● PROBLEM STATEMENT
Retype exactly every line from the one that includes "اسئلة المهارات اللغوية" through the final line of the listing, both ends kept, and omit the pictures.

● MATERIAL PROVIDED

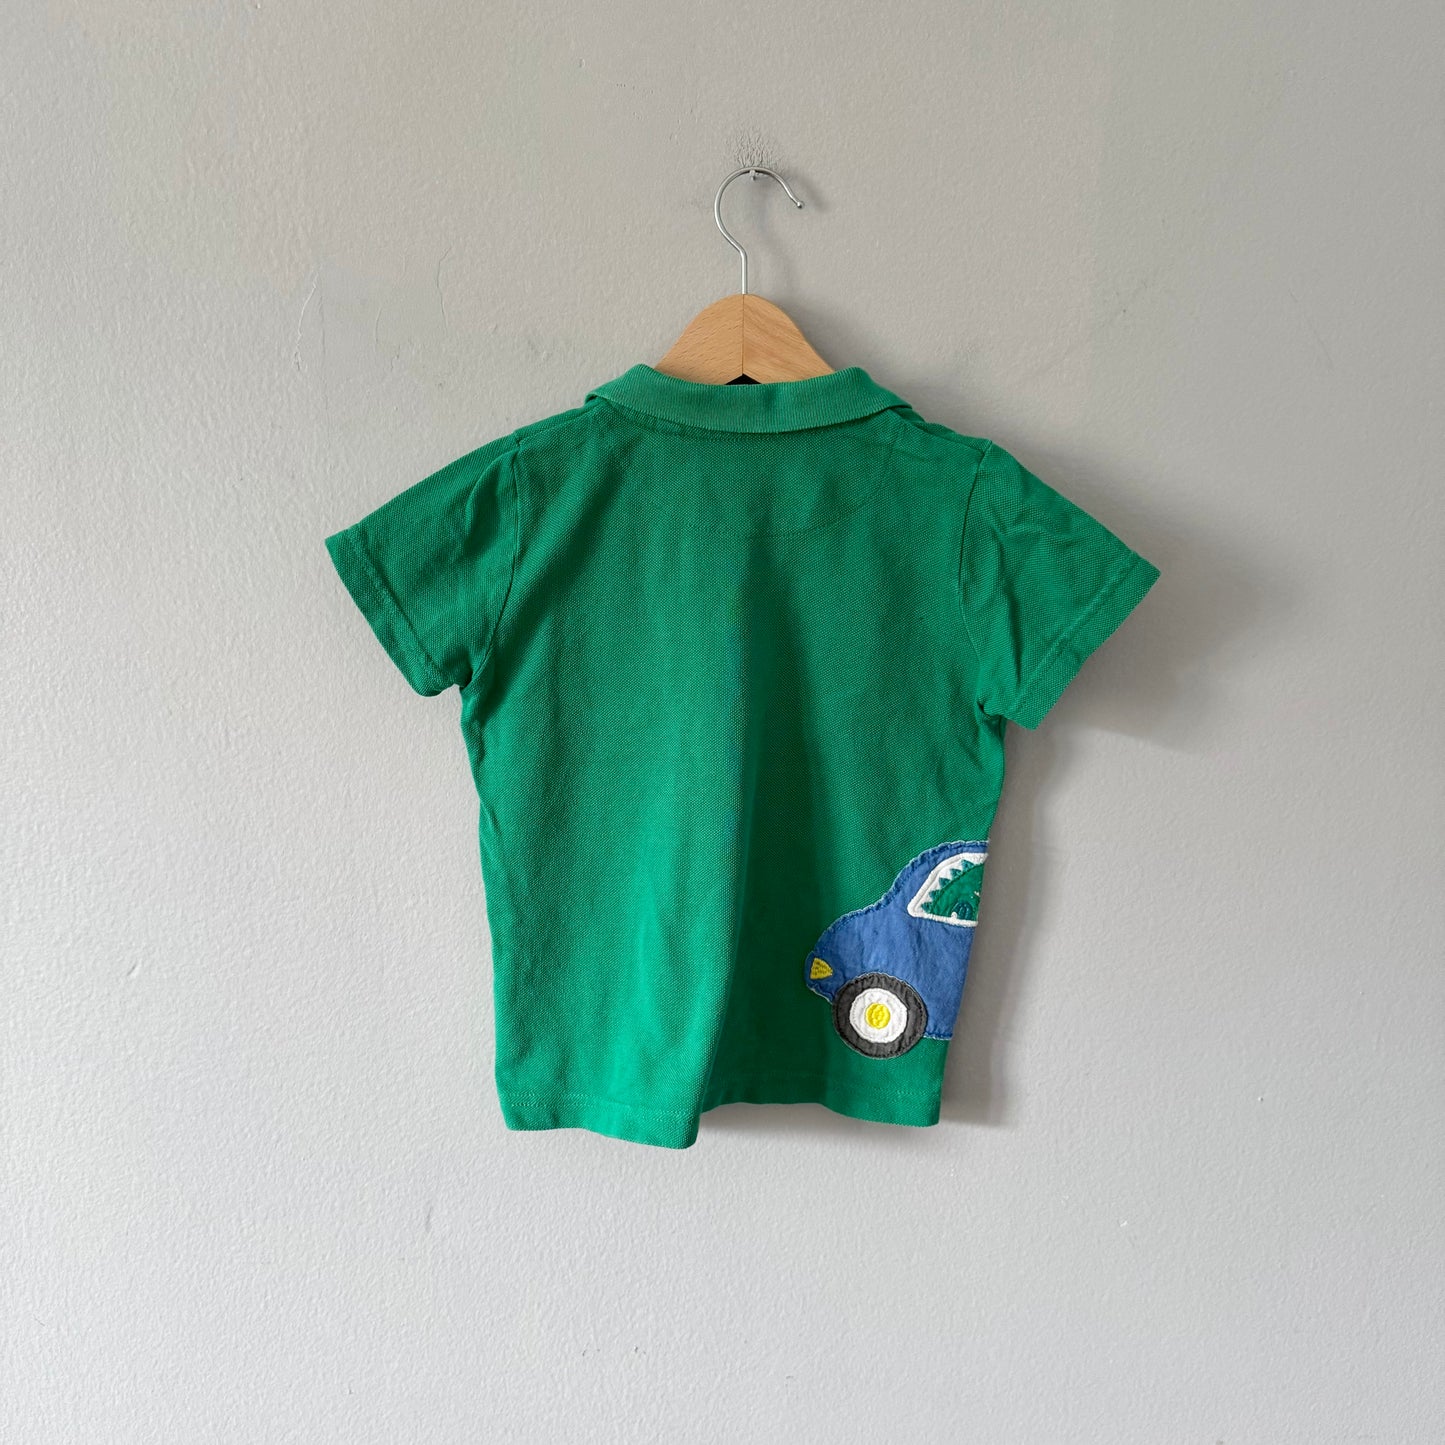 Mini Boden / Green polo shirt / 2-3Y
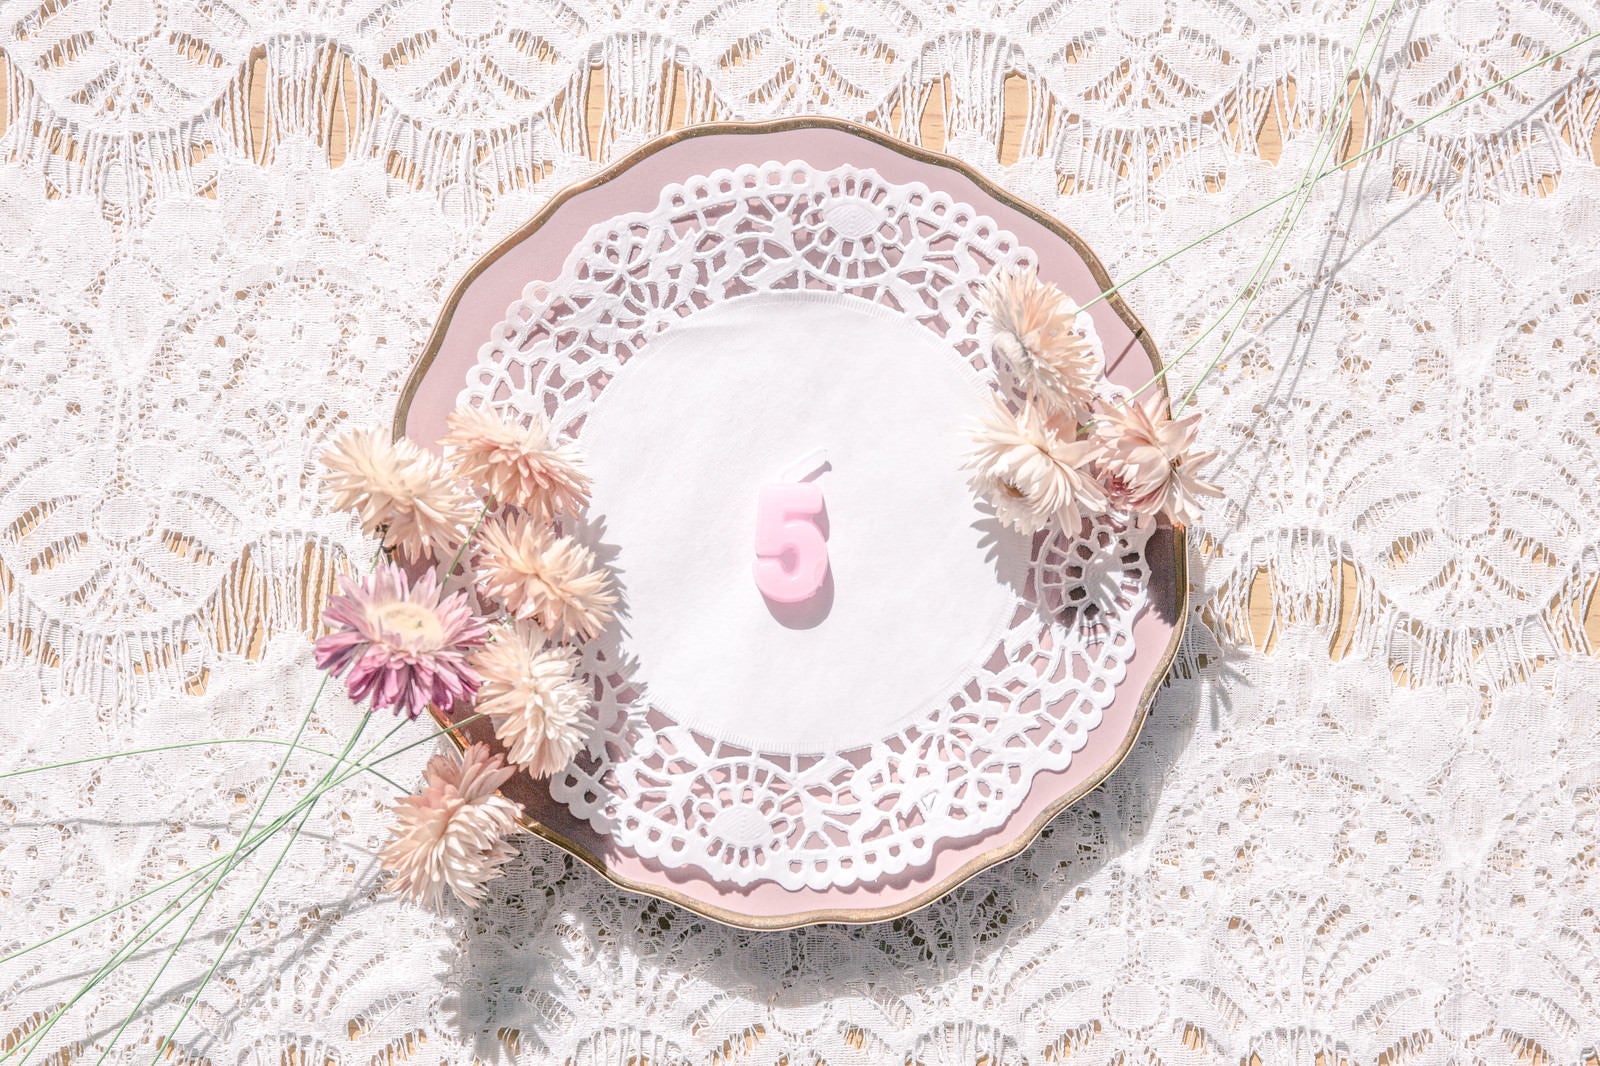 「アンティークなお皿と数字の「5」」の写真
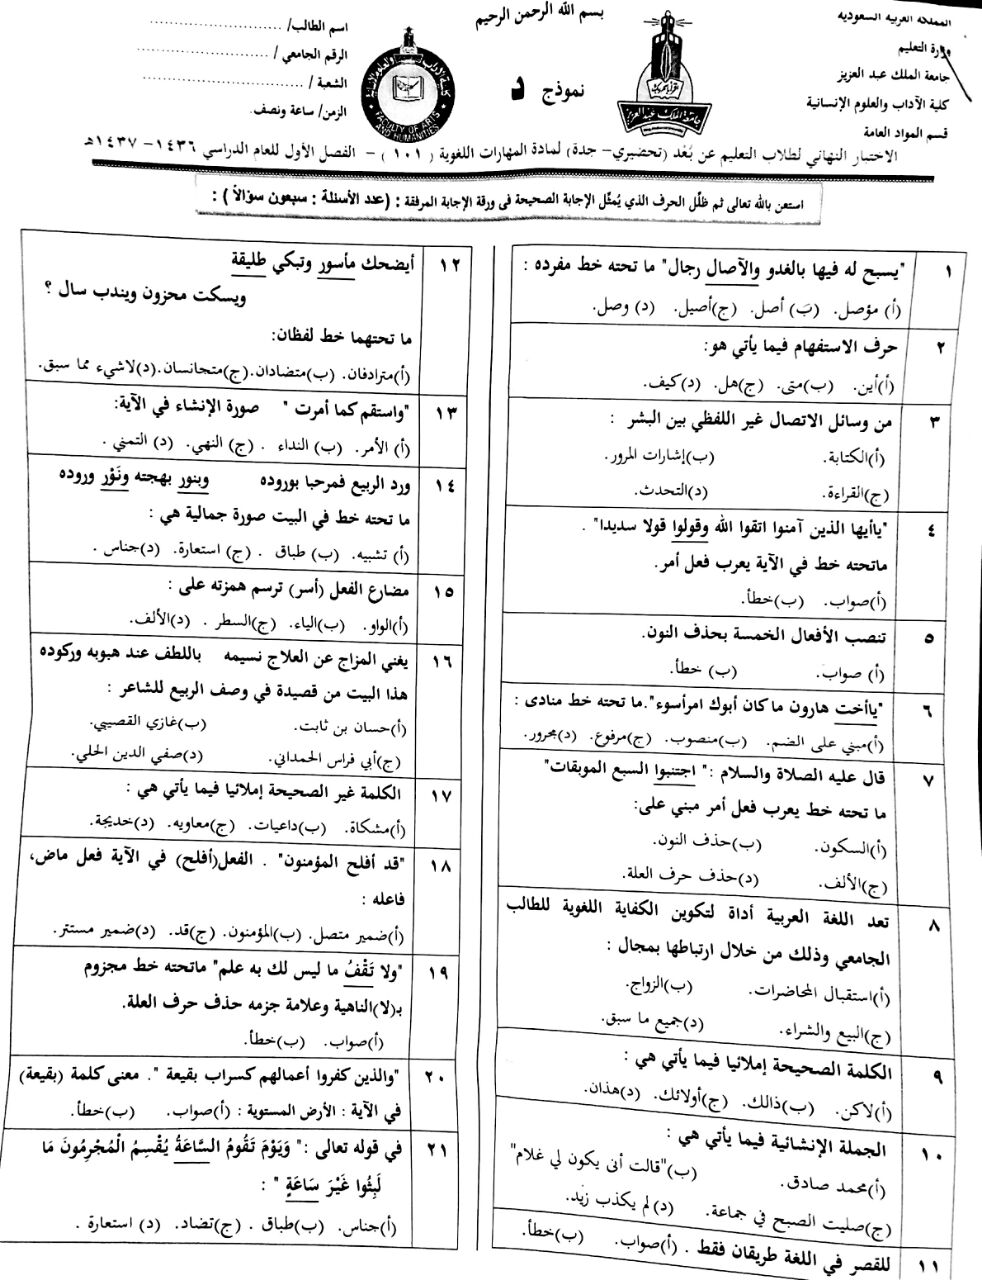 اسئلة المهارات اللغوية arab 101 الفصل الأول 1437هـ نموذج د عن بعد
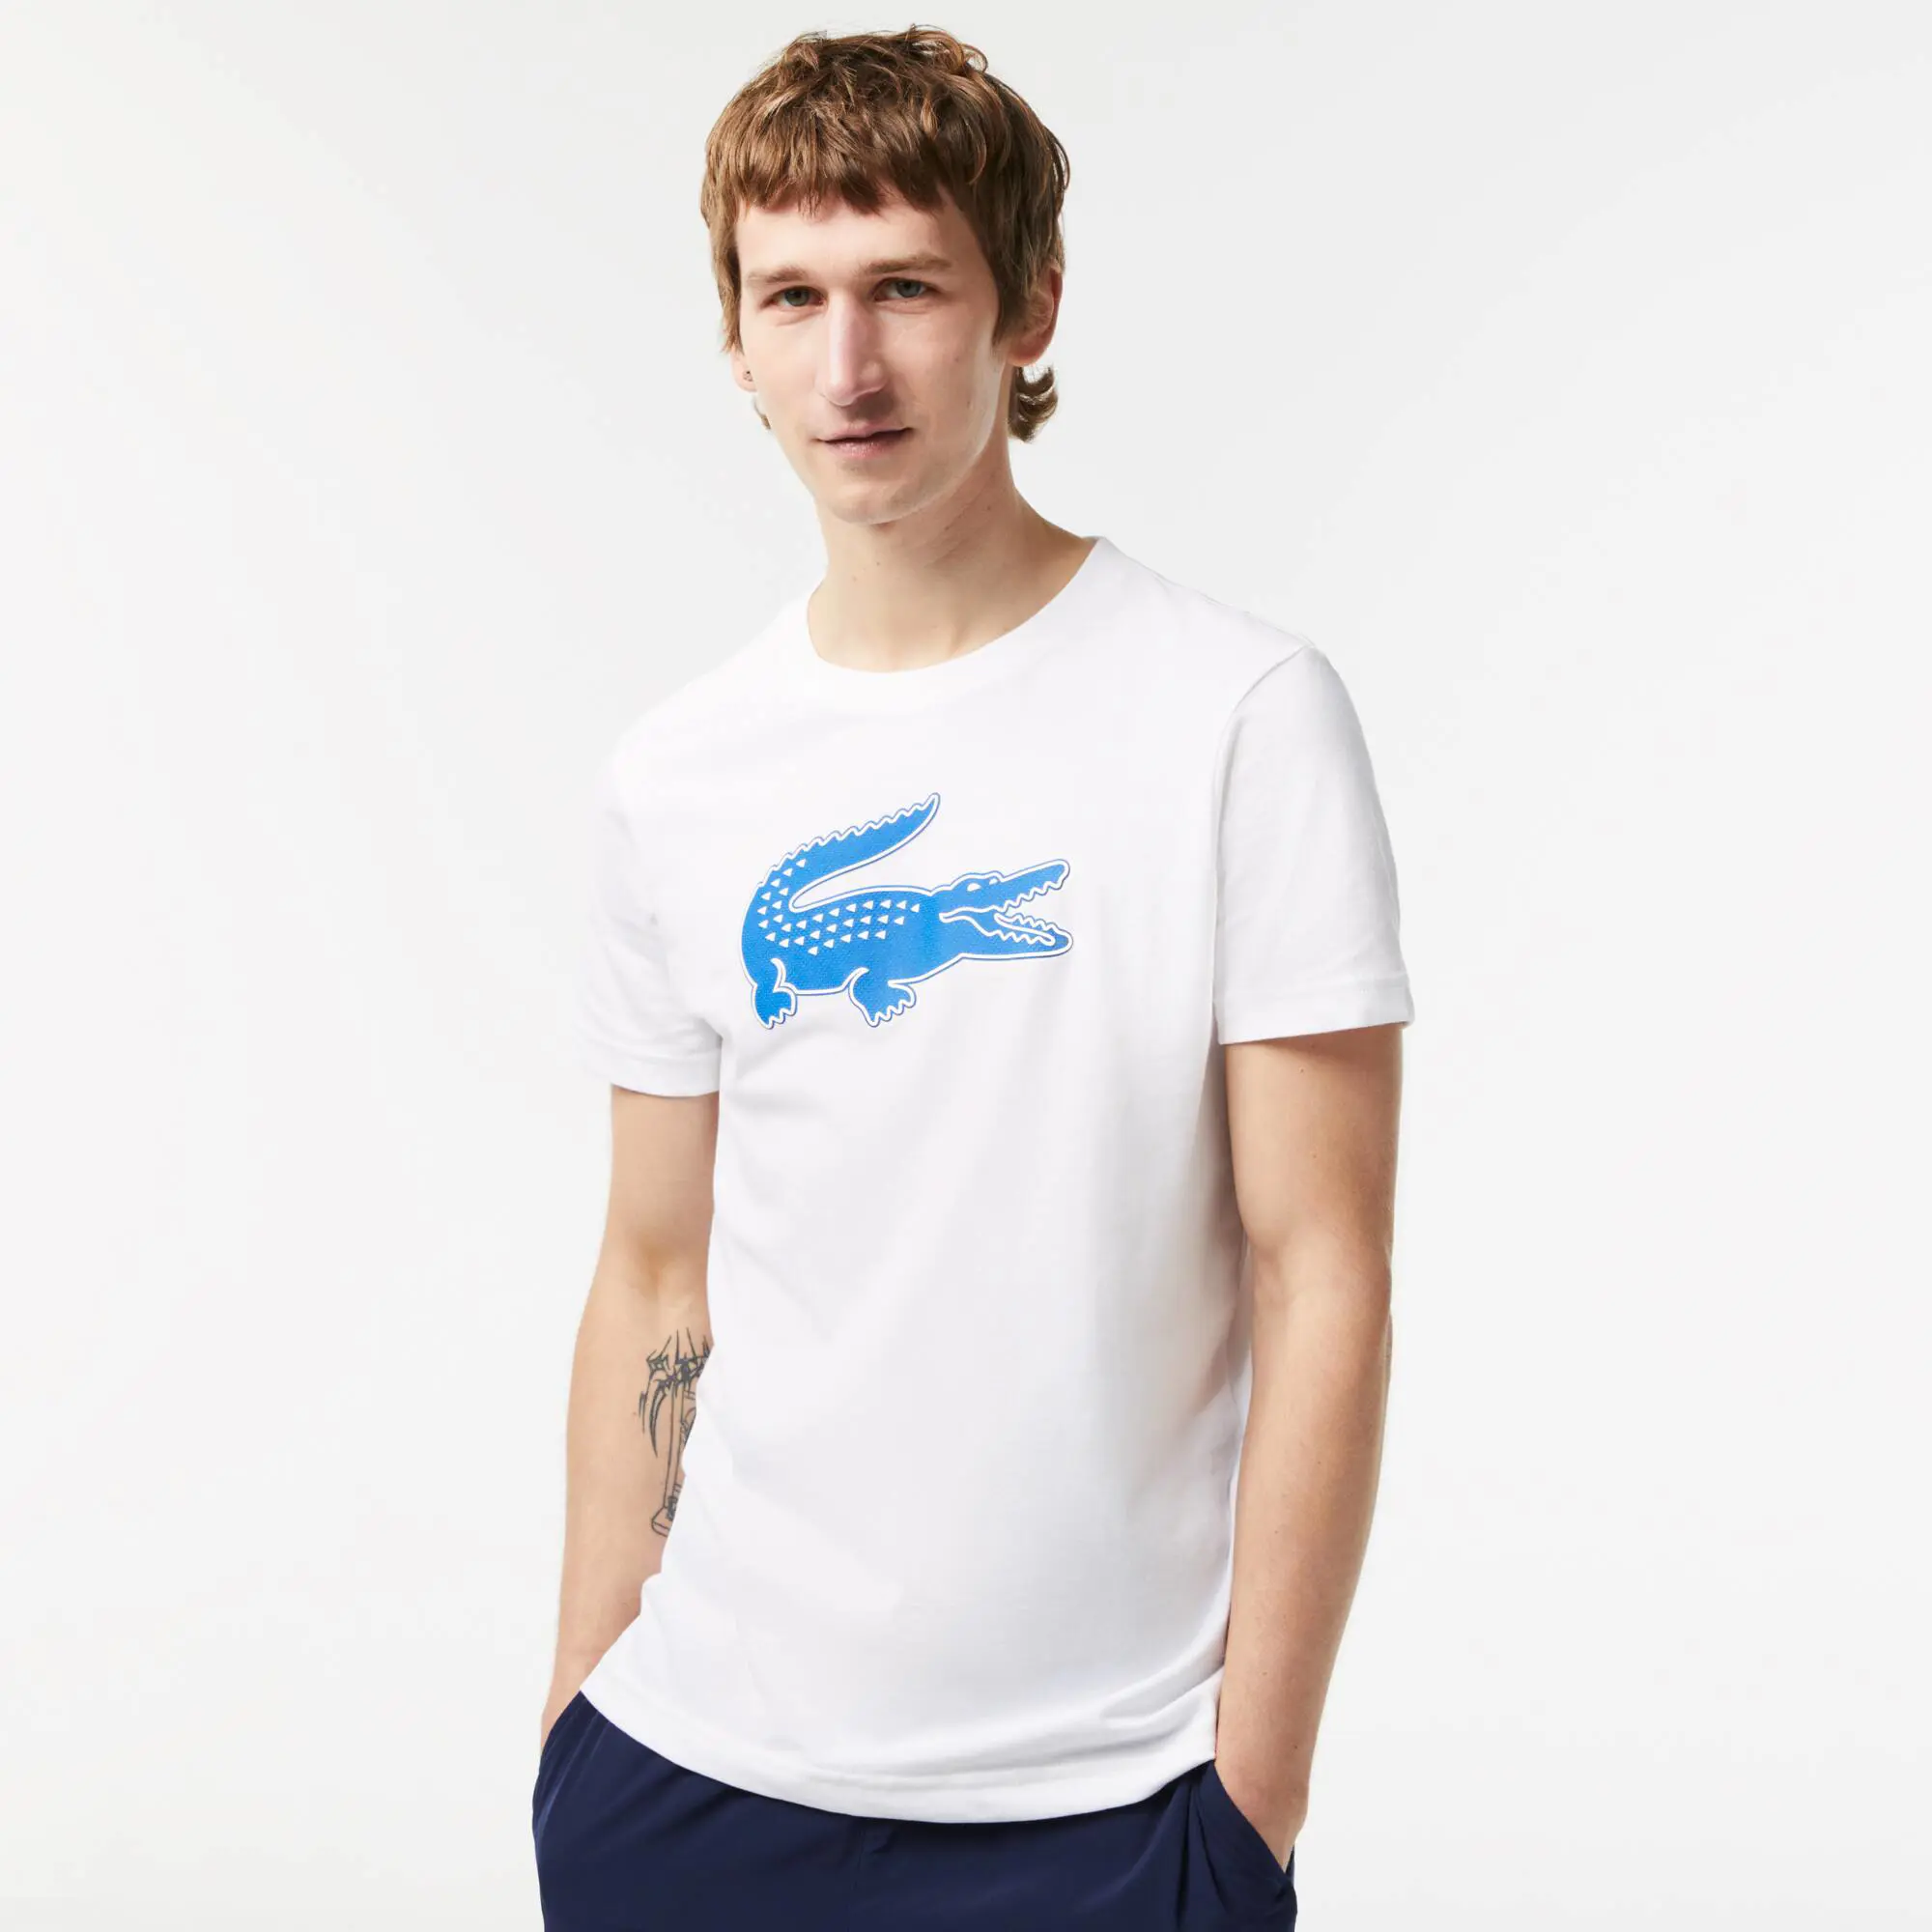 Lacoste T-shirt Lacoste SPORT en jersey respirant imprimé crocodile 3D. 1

● FINISHED EXERCISE
 اسئلة المهارات اللغوية arab 101 الفصل الأول 1437هـ نموذج د عن بعد
 Lacoste T-shirt Lacoste SPORT en jersey respirant imprimé crocodile 3D. 1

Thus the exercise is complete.